Brewers: This off-season has been a disappointment
With free agency nearing its conclusion, it’s safe to say this off-season has been a major letdown for the Milwaukee Brewers.
Believe or not, Spring training is just a few short weeks away. However, the excitement that would typically surround that news is likely muted for many Milwaukee Brewers fans.
With most of the major free agents having now found a team for this season, it’s worth reflecting on how this free agency period ultimately played out for the team. It’s safe to say that this off-season has been quite a disappointment.
Before the off-season began, I wrote about the need for the Brewers to invest heavily in this squad in free agency if they wanted to give themselves a realistic chance to win a World Series next year. After most of the major free agents signed elsewhere, I revisited this point in December, where I made the case that free agency was not playing out in a favorable way for them despite General Manager David Stearns finding some potential bargains to fill several of their positions of need. Now that the rest of the major free agents have signed, it’s clear that this off-season has been a major letdown for them.

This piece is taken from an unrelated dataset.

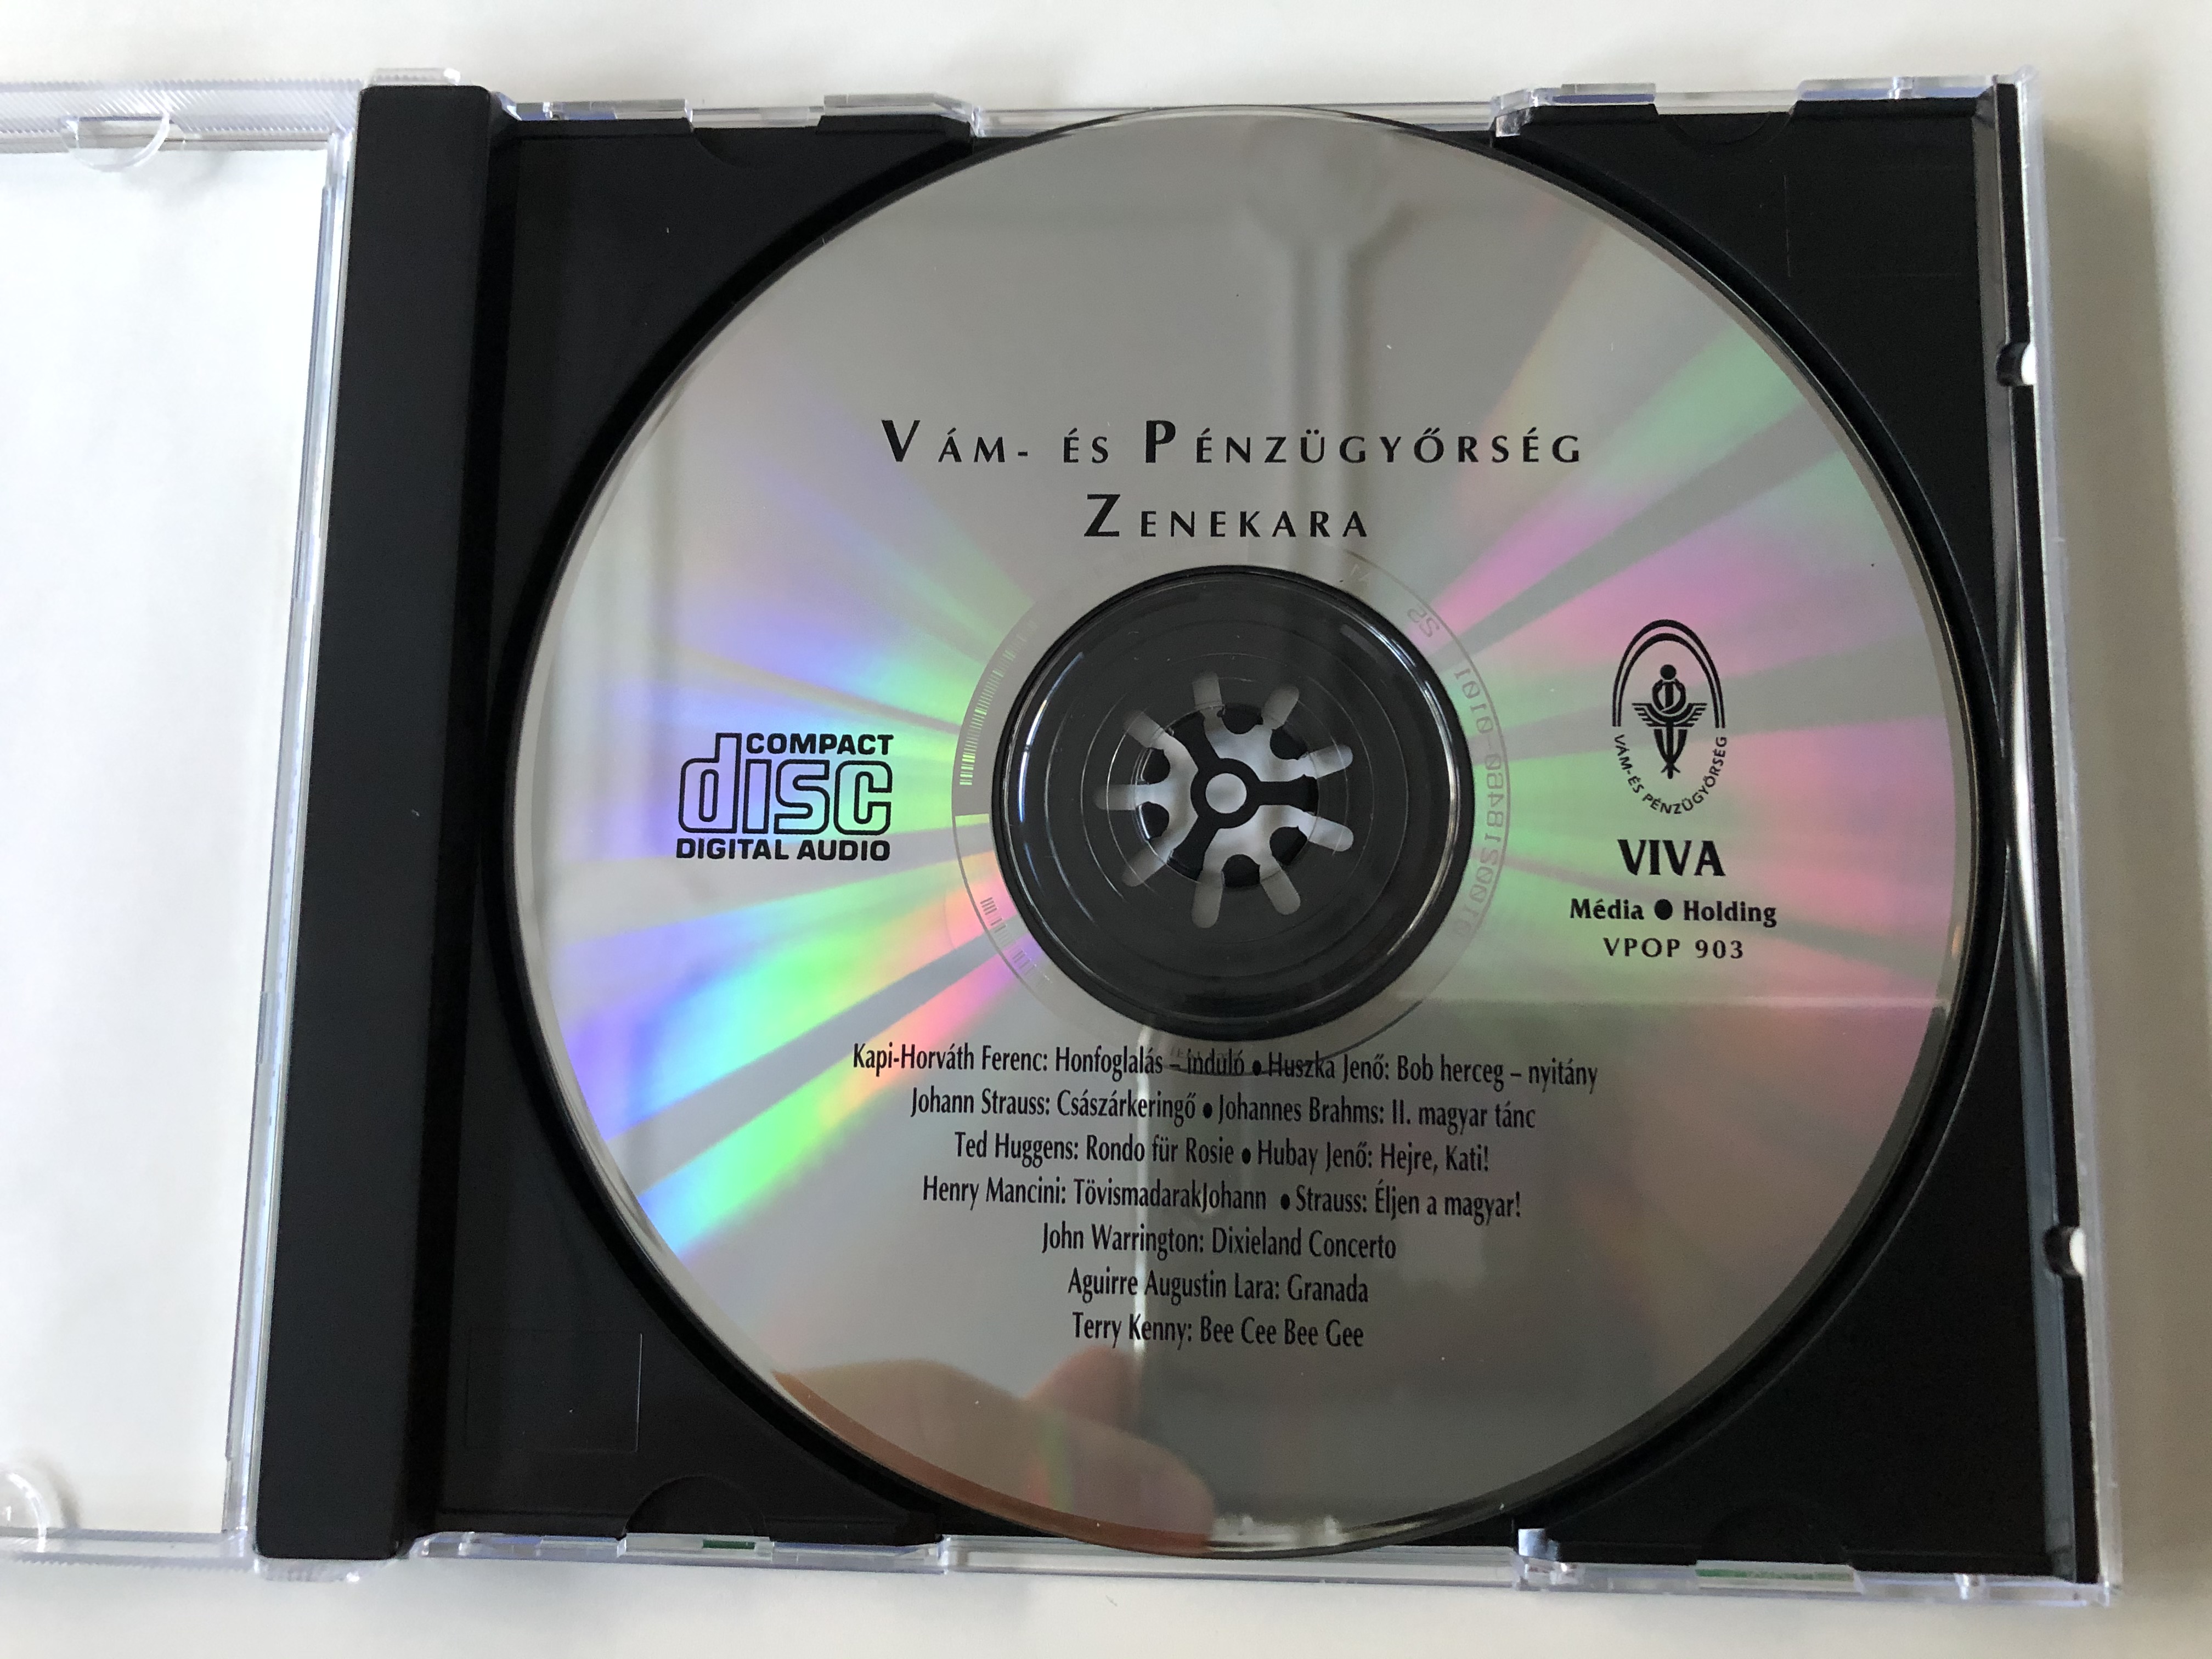 v-m-s-p-nz-gy-rseg-zenekara-viva-m-dia-holding-audio-cd-1997-vpop-903-2-.jpg

How does the payroll look right now?
Milwaukee would enter next season, barring any additional moves, with a payroll south of $100 million. That’s nearly $24 million dollars below what their payroll figure was a season ago, when they set a franchise record for payroll in a season at $124 million. Their apparent decision to cut payroll, in the midst of a window where they have a perennial MVP candidate in Christian Yelich on a very team-friendly deal, defies logic.

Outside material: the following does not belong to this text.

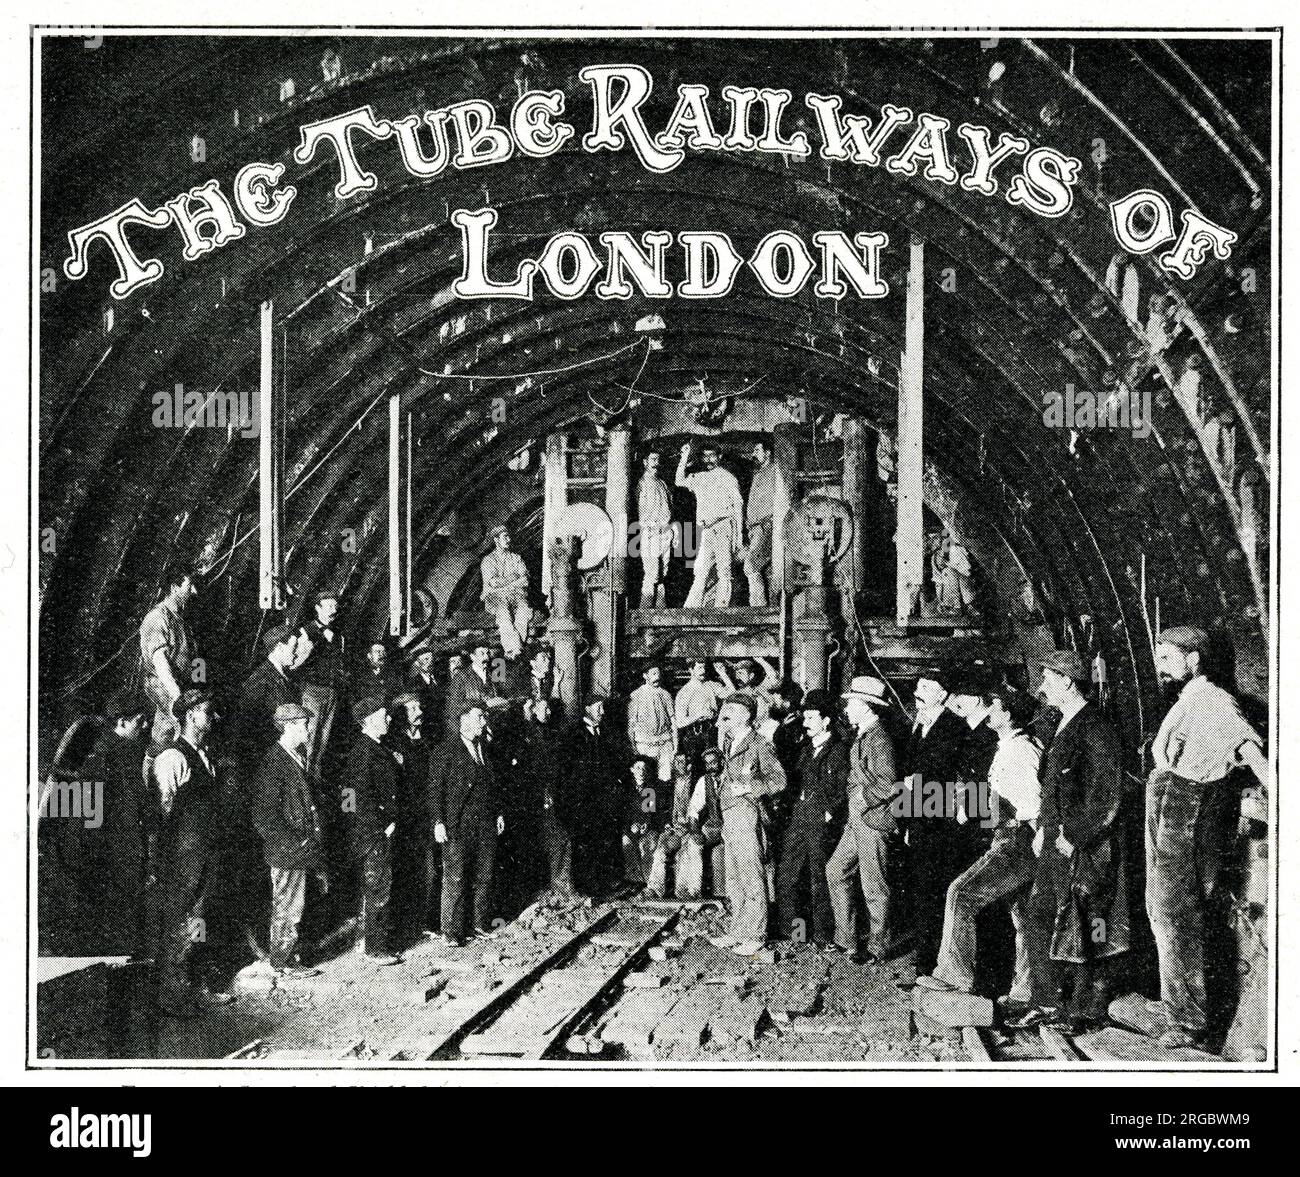 Les chemins de fer de métro de Londres - photo de groupe des ouvriers, avec le bouclier de tête d'impression conduisant un tunnel de station, les extrémités des vérins hydrauliques appuyant sur la bride de l'anneau le plus éloigné Banque D'Images

Though many unfavorable contracts were given out this winter, particularly to mid-tier/aging players, the Brewers could have afforded to take the risk on SOMEONE on a three or four year deal. Milwaukee has virtually no long-term money committed to anyone beyond the 2022 season, which just so happens to be the same winter that Yelich will become a free agent. Signing someone to a four year contract, even for a high average annual salary, wouldn’t have jeopardized their ability to retain him in any significant way.

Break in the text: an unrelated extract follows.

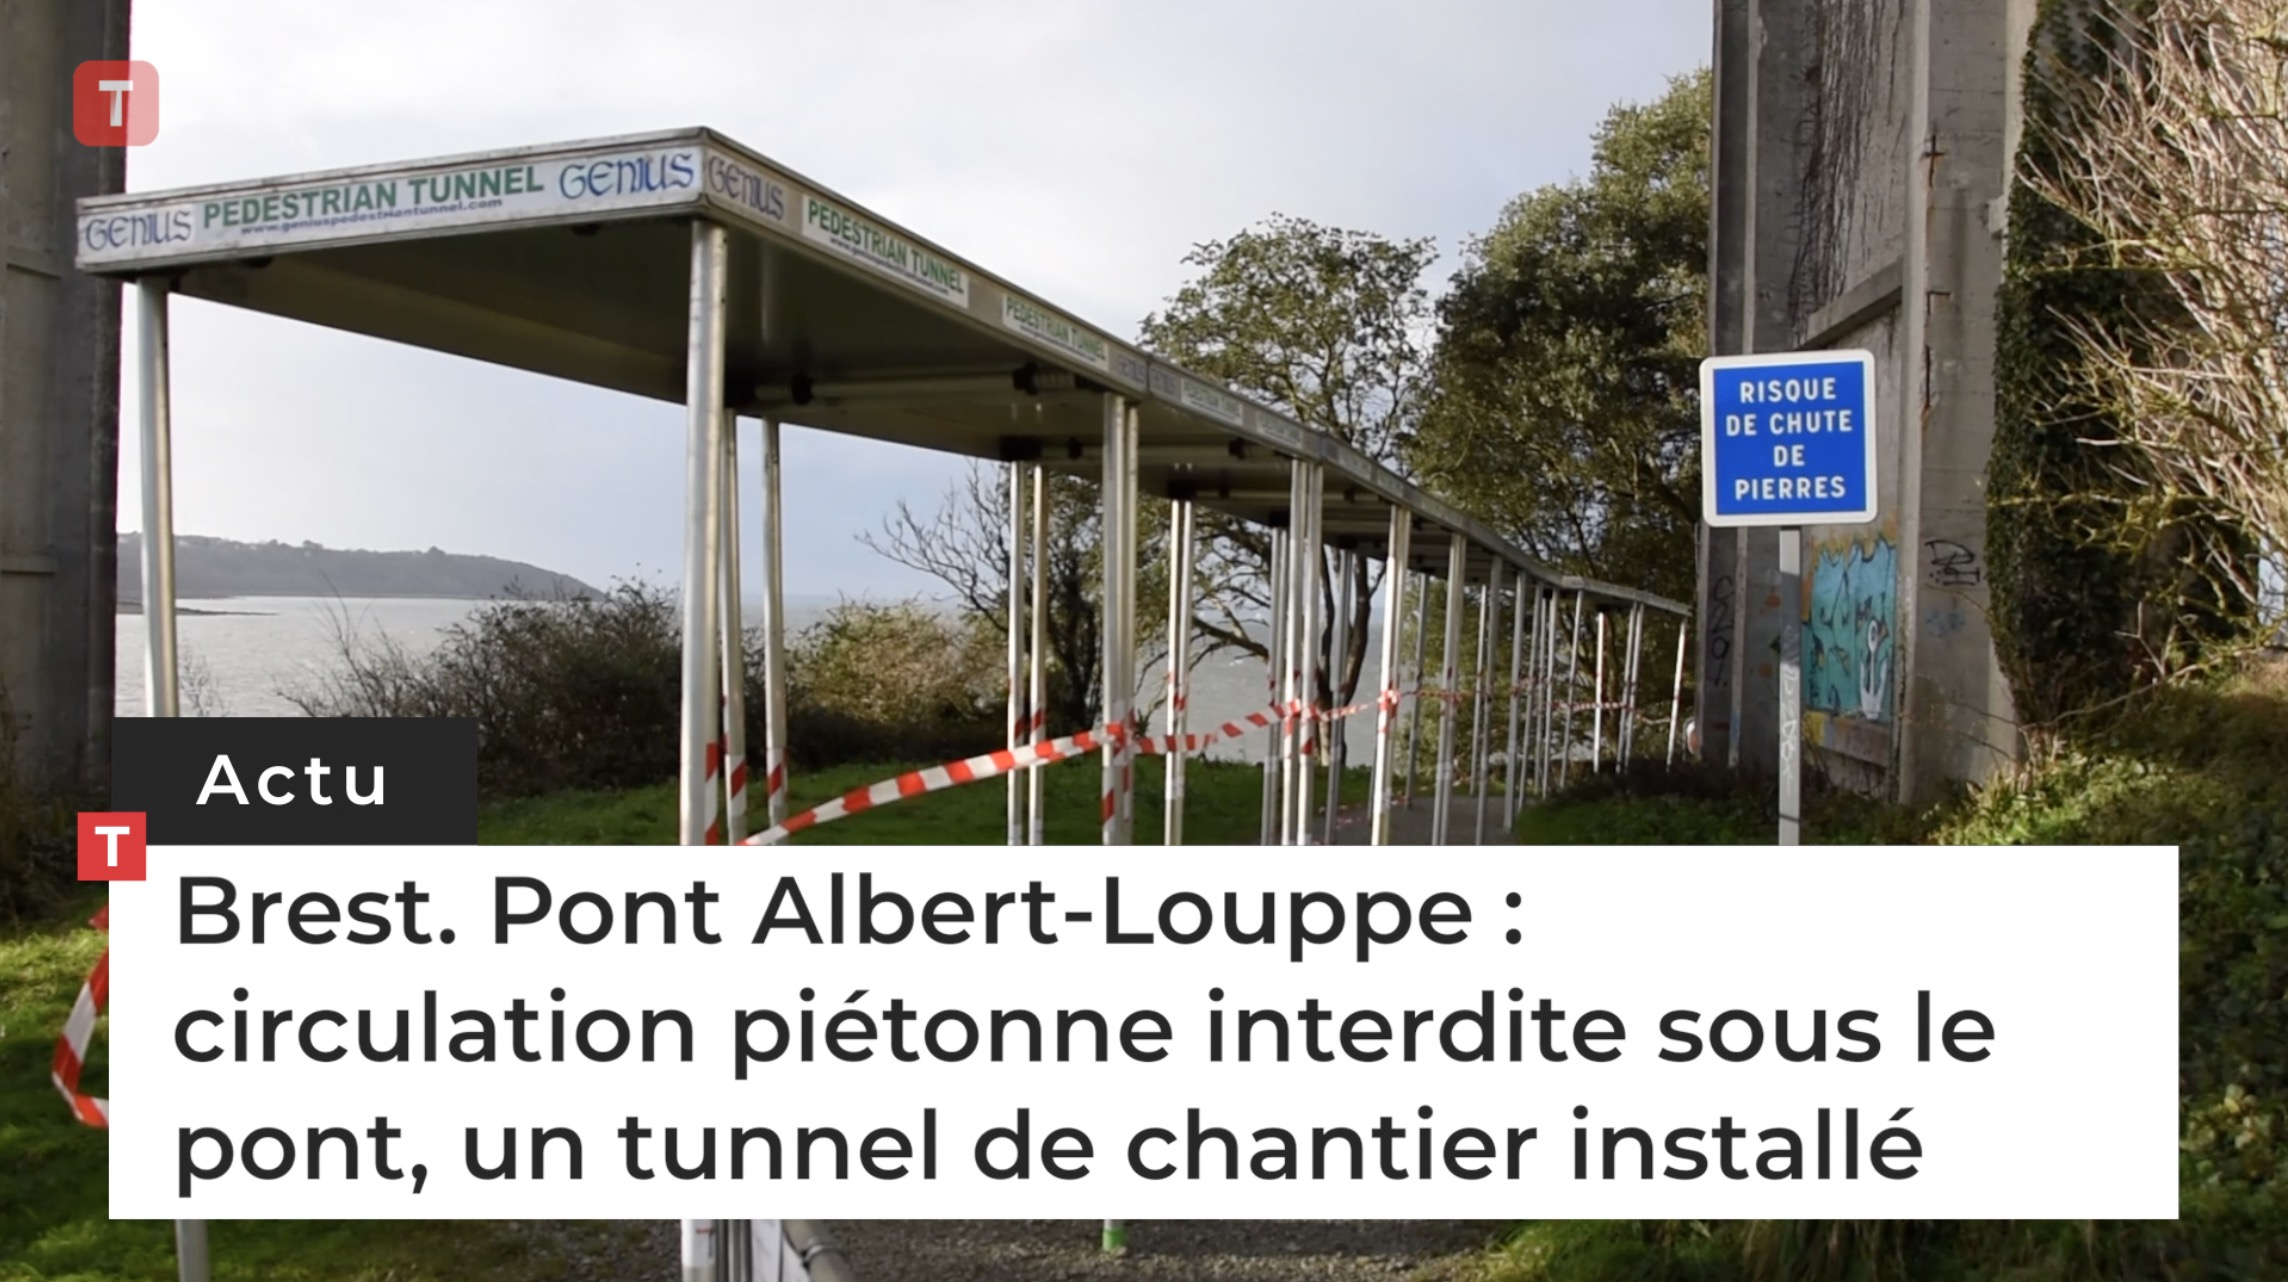 Brest. Pont Albert-Louppe : circulation piétonne interdite sous le pont, un tunnel de chantier installé (Le Télégramme)

Did the Brewers get the market wrong?
Giving that kind of contract out to many of the free agents near the top of the market, though, wouldn’t have been a smart move. Contracts like Hyun-Jin Ryu‘s, Zack Wheeler‘s, or Josh Donaldson‘s, carry a great deal of risk, especially given their injury history or age. Those are contracts that have a pretty good chance of busting, something the Brewers are all too familiar with when it comes to big free agent signings (see Jeff Suppan and Matt Garza). Thus, their signing would have needed to be the RIGHT signing.
The player that stands out as the biggest miss for them on the free agent market was a player who performed at an extremely high level for them last season: Yasmani Grandal. I initially expressed support for the decision to walk away from him over the fourth year he got in his contract shortly after he signed with the Chicago White Sox. Now that we’ve seen how the market has played out, I believe I was wrong about that, and that the Brewers front office made a bad decision by failing to re-sign him.
Grandal’s contract, which is for four years $73 million, looks like the best bargain of any of the major free agents to sign this winter. Grandal has been, by pretty much any metric, one of the best catchers in baseball over the past three seasons.
Even if his age and the potential use of robot umps to call balls and strikes soon, would have seen his value decline over time, the odds are quite high that he would have still played up to, or exceeded, the value of his contract in the first two seasons of it. This would have been similar reasoning to why the team signed Lorenzo Cain to a five-year deal two winters ago.
Retaining Grandal would have given the Brewers the best chance to maximize this window to contend. This team simply lacks the assets to make an impact trade without subtracting from a different part of their Major League roster. They also lack any clear-cut, top-tier talent within their farm system. Re-signing Grandal would have been their only clear option to land (or in this case retain) a high-end player.
Even if they’ve managed to potentially replace the value of the players they lost this off-season with those they’ve brought in, the Brewers are still a weaker team without Grandal. They lost their second best player in fWAR from last season. None of their signings or acquisitions is capable, individually, of matching his 5.2 fWAR, even if things break right. The odds of them collectively matching that production are far from a certainty as well, which makes the floor of this team considerably lower than last season’s team.
Milwaukee may still find themselves competitive enough to make the playoffs this season. However, their failure to maximize this free agency period by re-signing Grandal, puts a ceiling on what they’re capable of doing, not just this season, but potentially for seasons to come. We’ll see what they can muster in the months ahead.